Cars have always been one of my favourite things to photograph. I don’t really know where my love for cars came from. I guess probably from the fact I used to watch the F1 with my Dad as a child. We also had a friend who would exhibit his classic cars at shows and my Dad and I would head along to see them.
I do love motorsport. I will block out entire weekends just to watch the Formula 1. It’s no problem to stay up through the night to watch practice 3 in the early hours followed by qualifying (although I pay for that for days afterwards while I try and recover my sleep).

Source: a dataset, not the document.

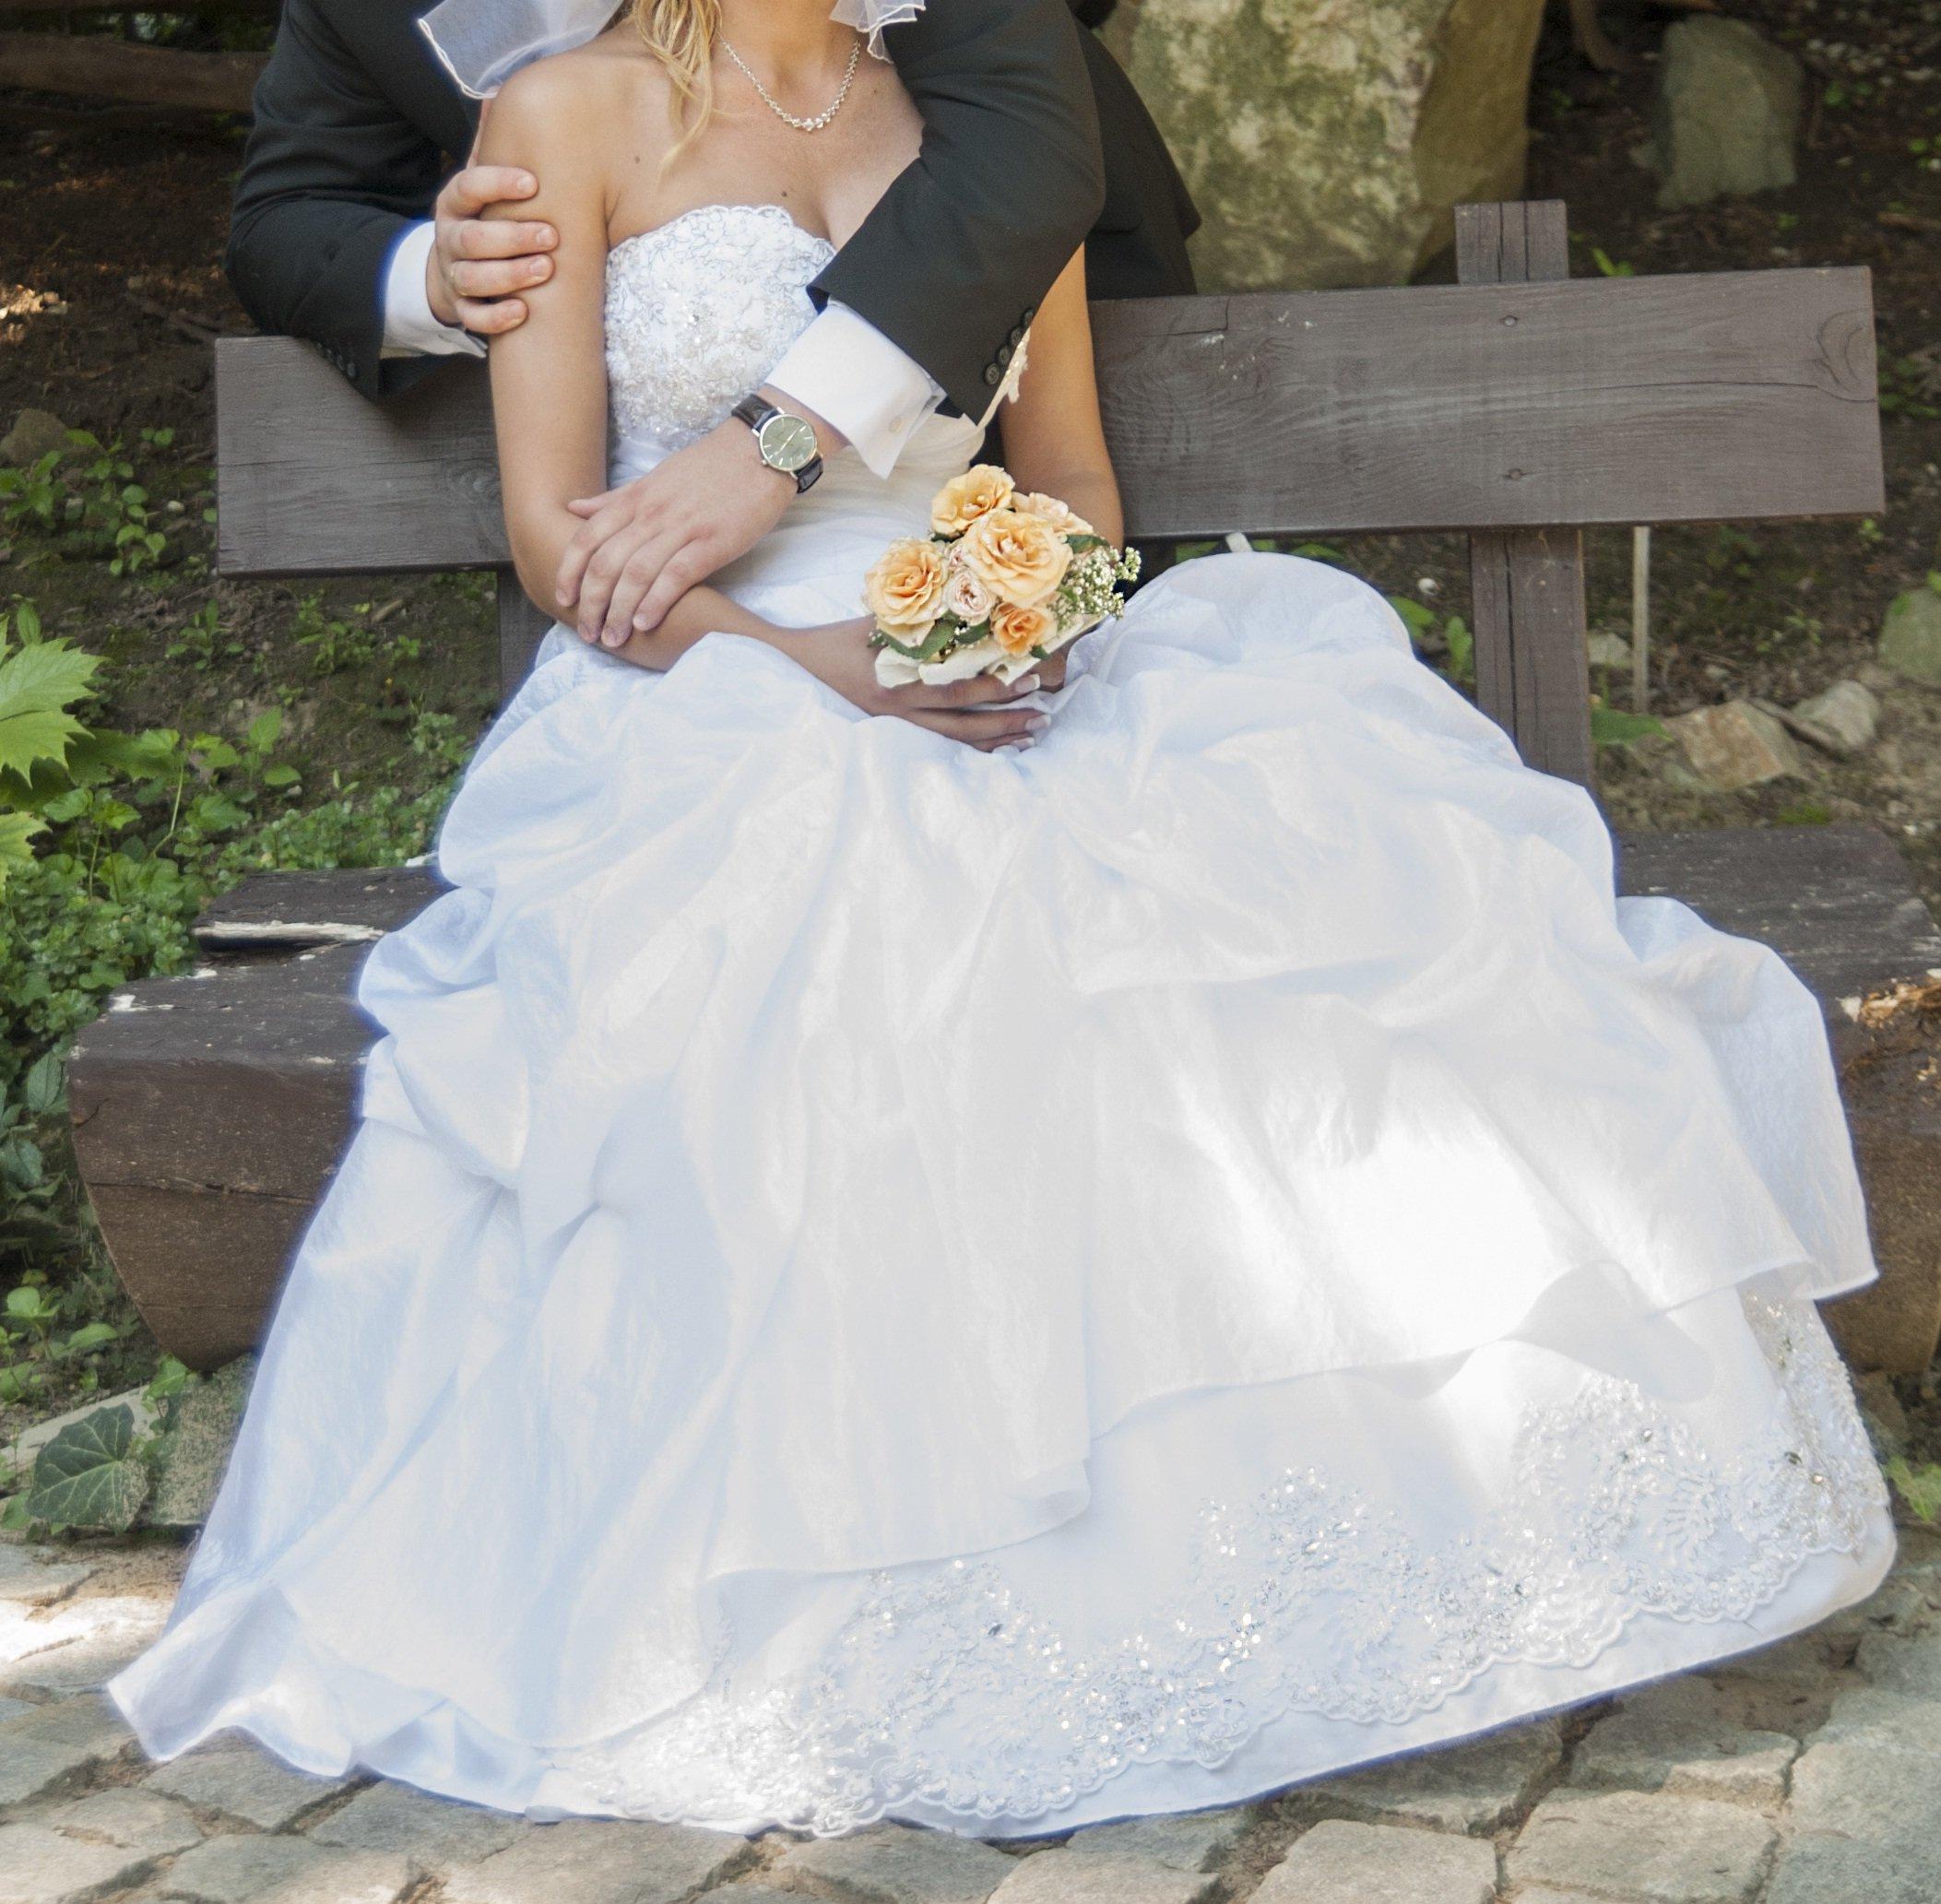 Suknia ślubna Biała Roz 38 40 6691497895 Oficjalne Archiwum Allegro
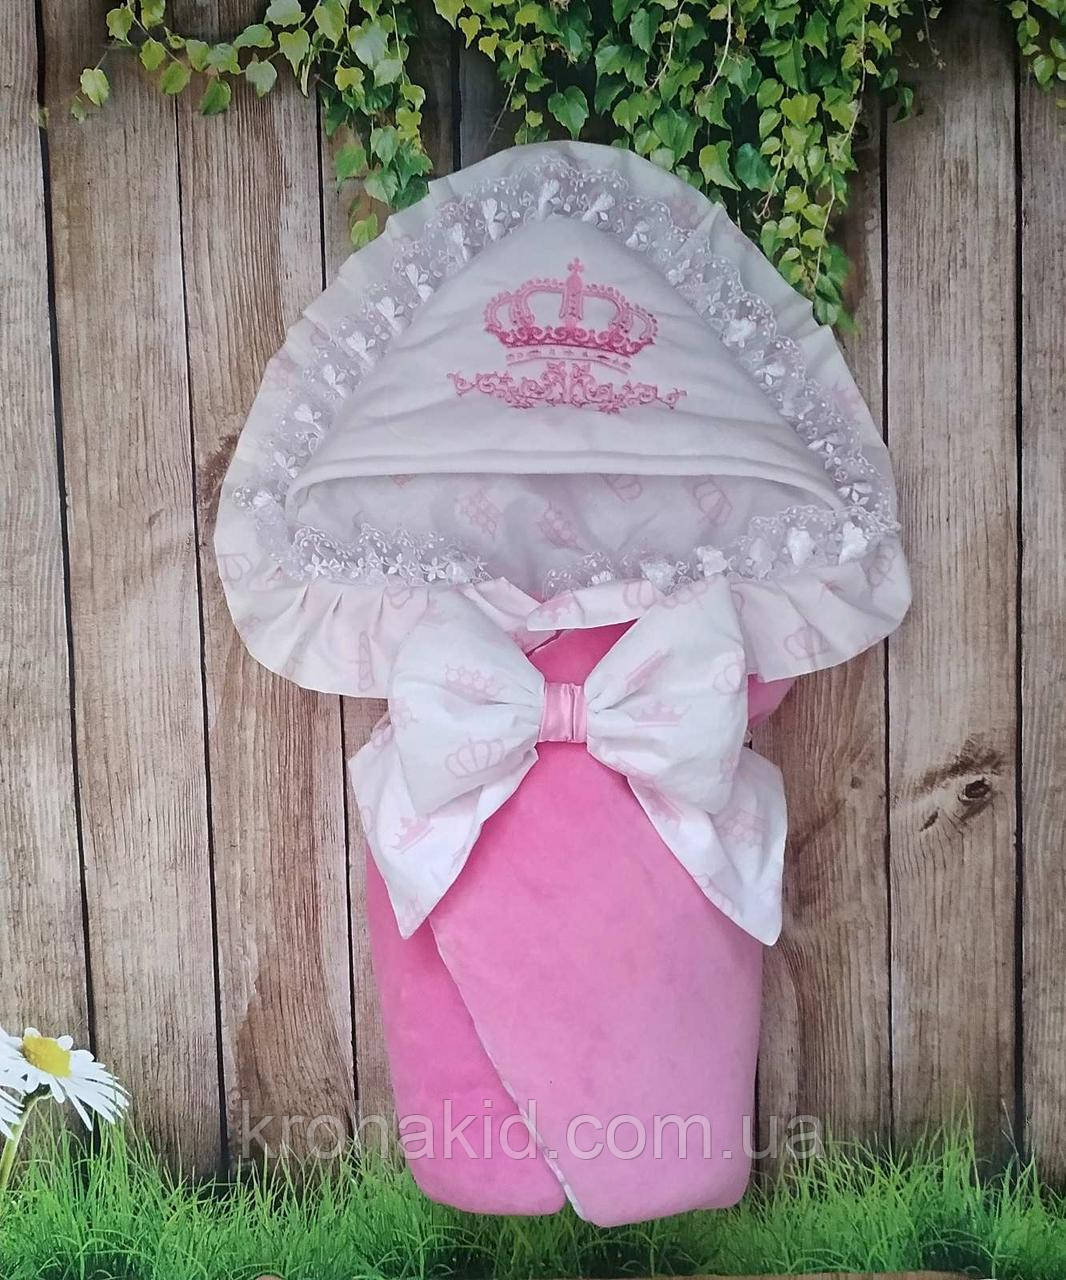 Детский демисезонный велюровый конверт на выписку, конверт-одеяло, нарядный конверт на выписку (ВЕСНА/ ОСЕНЬ)

And while I love the sporting aspect of cars (you simply cannot beat the thrill of watching vintage sports cars scream around Silverstone, especially the Maggotts-Becketts-Chapel complex), it’s the design that really calls to me these days, just like it does with architecture.
There’s something about a car. It has as much attention paid to it’s aesthetics as a sculpture, but it must also fulfil it’s purpose. That could be off-roading on a Welsh sheep farm, or racing around scenic mountain rally courses – but a car must have function as well as form.
I love all types of transport vehicles. From my long gone 1996 Escort Cabriolet, to the container ships that sail goods across the oceans. I’ve applied twice now to the RAF, in part, because I cannot quite believe how much planes resemble majestic metal birds that soar across our skies.
Celebrating everything that moves on wheels is a fantastic venue not far from where I live. Caffeine and Machine is just twenty minutes up the road from me and it welcomes enthusiasts of cars, bikes, vans, and things that don’t quite fit into any of those categories. They invite everyone, every day, to bring their rides to what was once a country pub and park up in the spacious car park. You’ll struggle to walk ten yards without bumping into someone interesting to talk to, or a machine with a story.
This shot of a Lotus was taken there, at Caffeine and Machine, underneath one of the gorgeous big trees in their grounds. The light was perfect and I just loved the reflections of the tree in the shimmering silver paintwork.
For me it’s the side profile of the car that is the biggest design statement. It’s like the silhouette of an aircraft. It should be instantly identifiable and the most classic profiles with etch themselves on your memory, never to be forgotten.
Photographing the side profile of a car can be a challenge. It looks like it should be simple but it is not. It’s too easy to shoot a boring side profile image of a car. The challenge is in creating something as exciting and dynamic as the vehicle itself.